Does this mean that Hurricane Sandy killed 20,000 people? About as likely that Maria killed 3,000.
But if the media is going to use studies and estimates of possible indirect deaths that stretch out for many months after the hurricane, then it ought to apply the same rules to Sandy as it does to Maria.
If the media demands that Trump accept a 3,000 death toll in Puerto Rico, it better brace itself for a vastly expanded Sandy death toll. And to have that death toll blamed on the Obama administration.
Fair is fair.
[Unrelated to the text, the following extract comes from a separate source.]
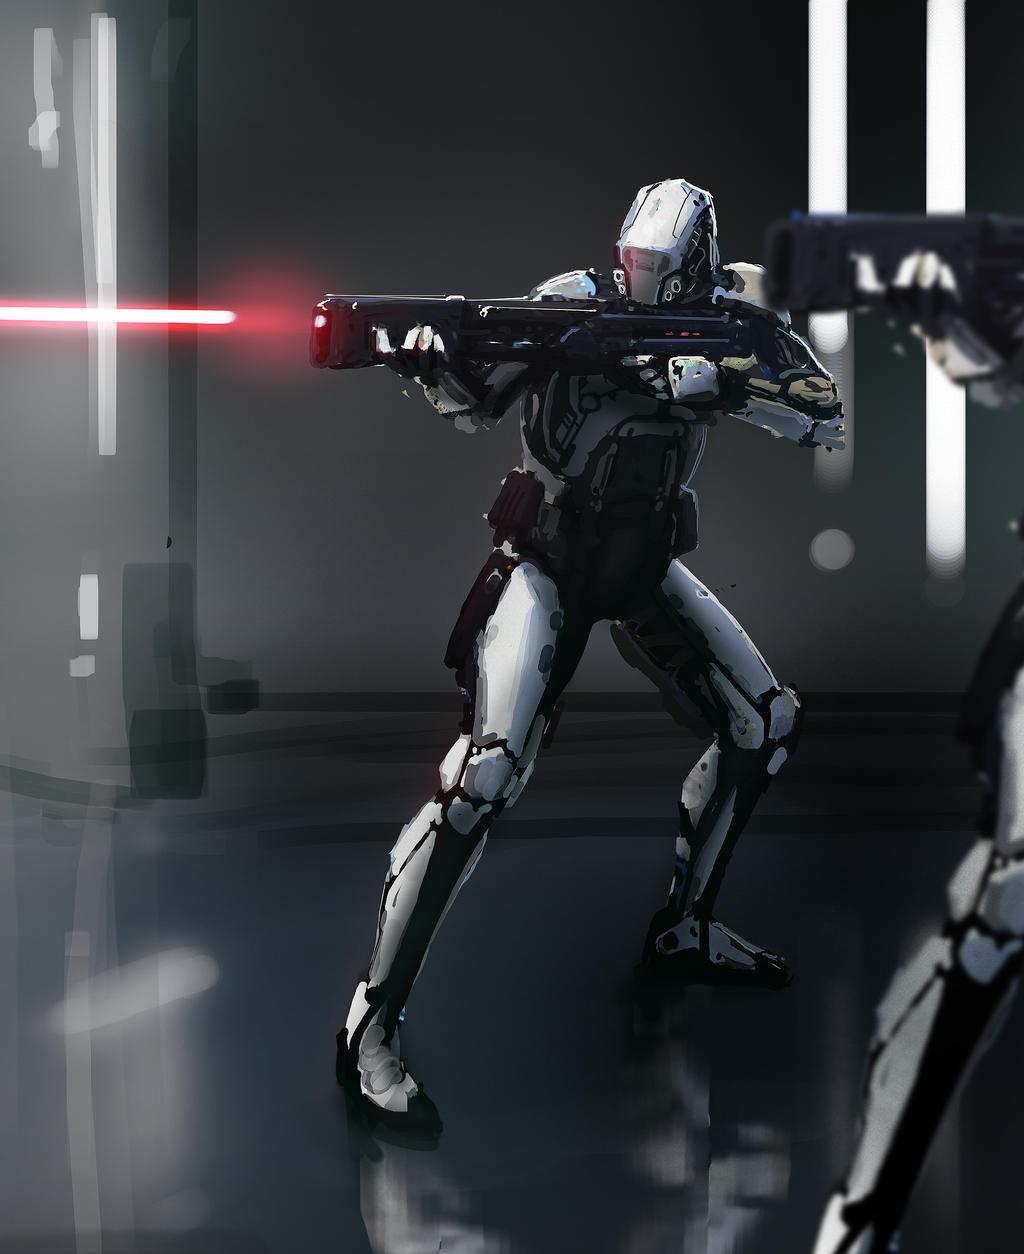 Stormtrooper by MrTomLong

And unfair is unfair.
The Democrats and the media have decided to use flawed studies that assume higher death rates, especially among the elderly, based on population guesstimates, to vastly expand hurricane death tolls for political purposes. But they’ve forgotten that Sandy was far deadlier than Maria.
And they’ve also forgotten that the Obama administration badly mishandled its response.
I know, because I was there.
While Obama, Chris Christie and Michael Bloomberg badly mismanaged the hurricane response, Donald J. Trump, then still a private citizen, opened Trump Hotel & Tower to hurricane refugees.
Obama meanwhile flew in, got a photo op with a grieving woman that made all the papers, and then when she asked for the help that had been promised her, got a form letter from the White House.
Pete Souza, Obama’s court photog, recently reposted his version of Stalin’s Engelsina Markizova photo on social media to bash Trump. Like Engelsina, the fate of the real woman in the propaganda shot was forgotten.
Did Obama’s incompetence kill 20,000 people?
Local governments are responsible for responding to natural disasters. New York City, like Puerto Rico, had a deeply dysfunctional local government that could barely figure out how to boil water. Manhattan lost power because one of its major power plants was sitting right on the water. Puerto Rico’s setup was even more dysfunctional. Neither of those were the fault of the Federal government.
FEMA usually mishandles every natural disaster. Politicians usually fly in for the photo ops. The gargantuan aid bill inevitably dumps most of the money into assorted pork for the politically connected.
Statistical spikes are suggestive, but not certain. The elderly and people with serious medical problems are the most likely to be affected by power outages, hospital shutdowns and other problems caused by natural disasters. But they’re also the most at risk even without the occurrence of a natural disaster.
The media is selling a lie. And it knows that it’s selling a lie.
Its fake outrage over the inflated Puerto Rico death toll is the very definition of fake news.
When a Republican is in the White House, the media inflates the death toll and blasts the response. When a Democrat is in the White House, the media minimizes the death toll and praises the response.
The media’s attacks on President Trump over Puerto Rico aren’t journalism, they’re messaging.
But while the media is entitled to its own biases, it isn’t entitled to its own standards. If it wants to use the expanded numbers for Hurricane Maria in Puerto Rico, it’s going to have to use them for Sandy too.
If it wants to blame Trump for 3,000 dead, Obama is going to be blamed for 20,000 dead.